DATA EXTRACT.
<<<<

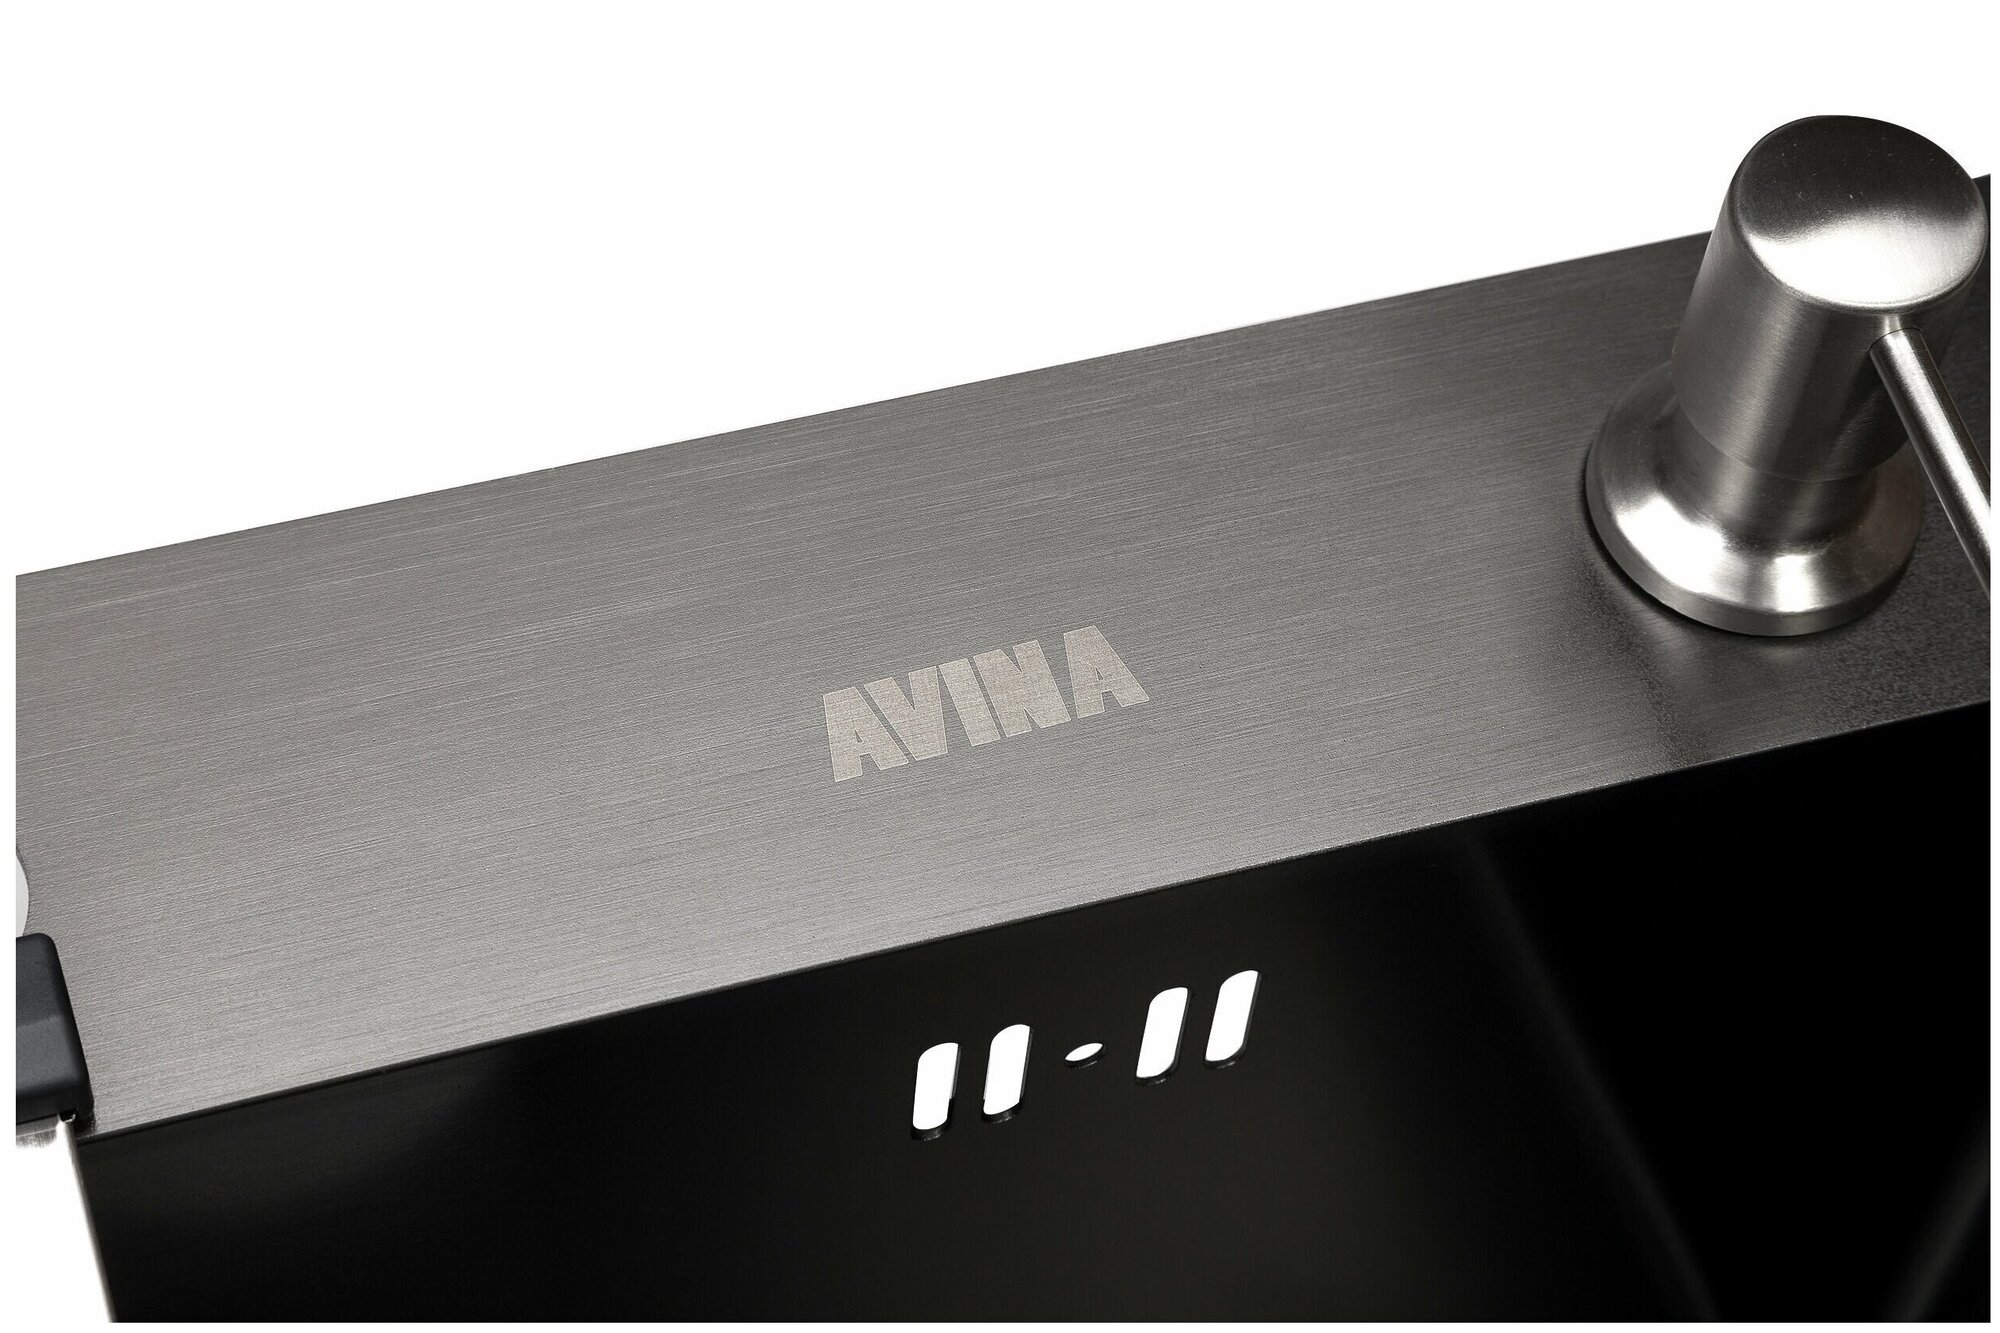 Кухонная мойка AVINA 7048 black, из нержавеющей стали, толщина 3мм*1,5 мм. Дозатор, коландер, сифон в комплекте. Глубина мойки 220 мм. - фотография № 2
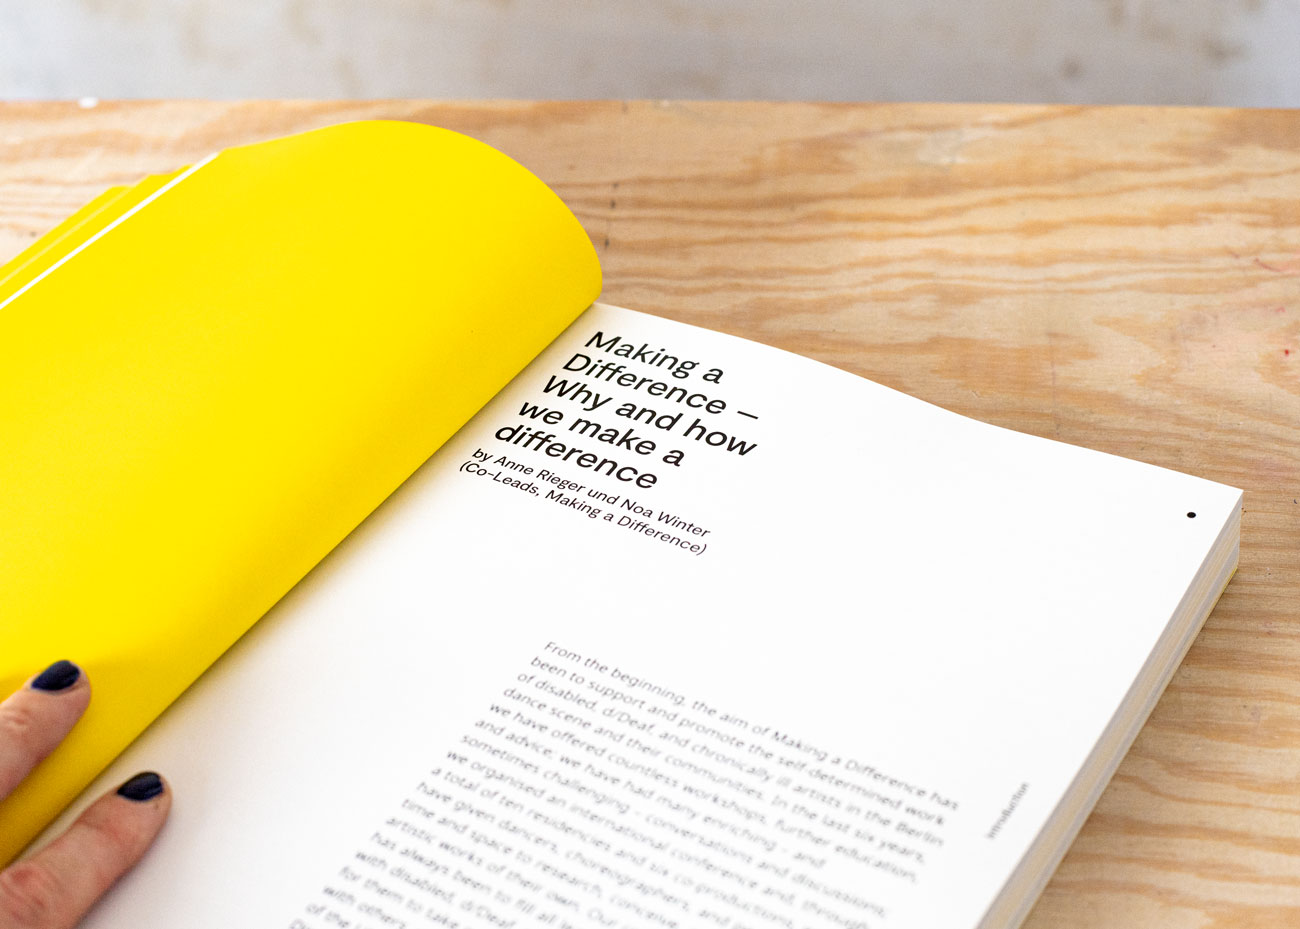 Detailaufnahme einer Doppelseite des Buchs auf hellem Holz-Untergrund. Die linke Seite ist komplett Gelb. Darauf liegt eine Hand mit dunkelblau lackierten Nägeln. Auf der rechten Seite befinden sich in schwarz auf weiß die Überschrift, ein Autor*innen-Hinweis und Text.
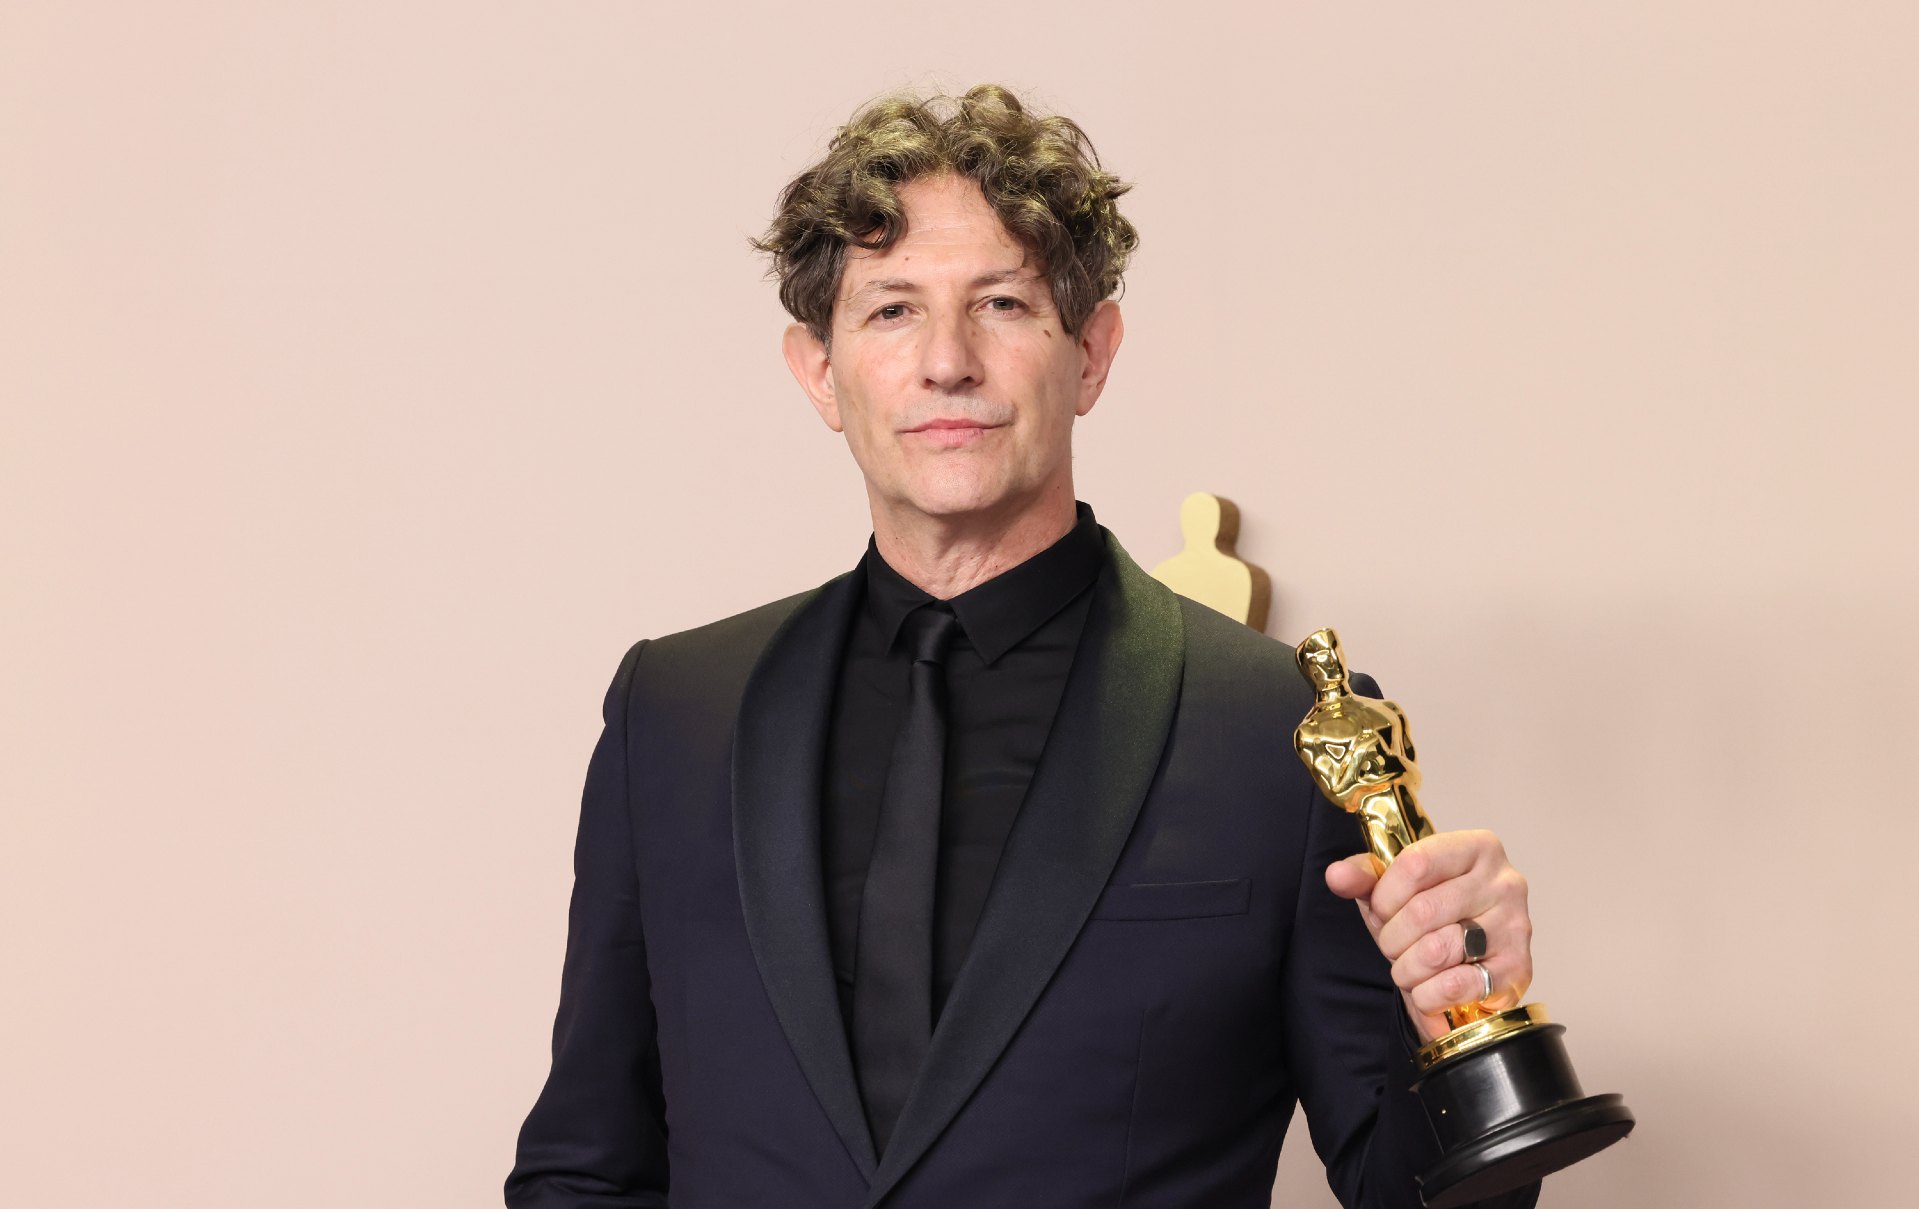 Jonathan Glazer holds an Oscars statuette

>>>>

PROBLEM DESCRIPTION. Each line of the material goes into your copy unchanged, but no picture does.

FINISHED TASK.
 Кухонная мойка AVINA 7048 black, из нержавеющей стали, толщина 3мм*1,5 мм. Дозатор, коландер, сифон в комплекте. Глубина мойки 220 мм. - фотография № 2
 Detailaufnahme einer Doppelseite des Buchs auf hellem Holz-Untergrund. Die linke Seite ist komplett Gelb. Darauf liegt eine Hand mit dunkelblau lackierten Nägeln. Auf der rechten Seite befinden sich in schwarz auf weiß die Überschrift, ein Autor*innen-Hinweis und Text.
 Jonathan Glazer holds an Oscars statuette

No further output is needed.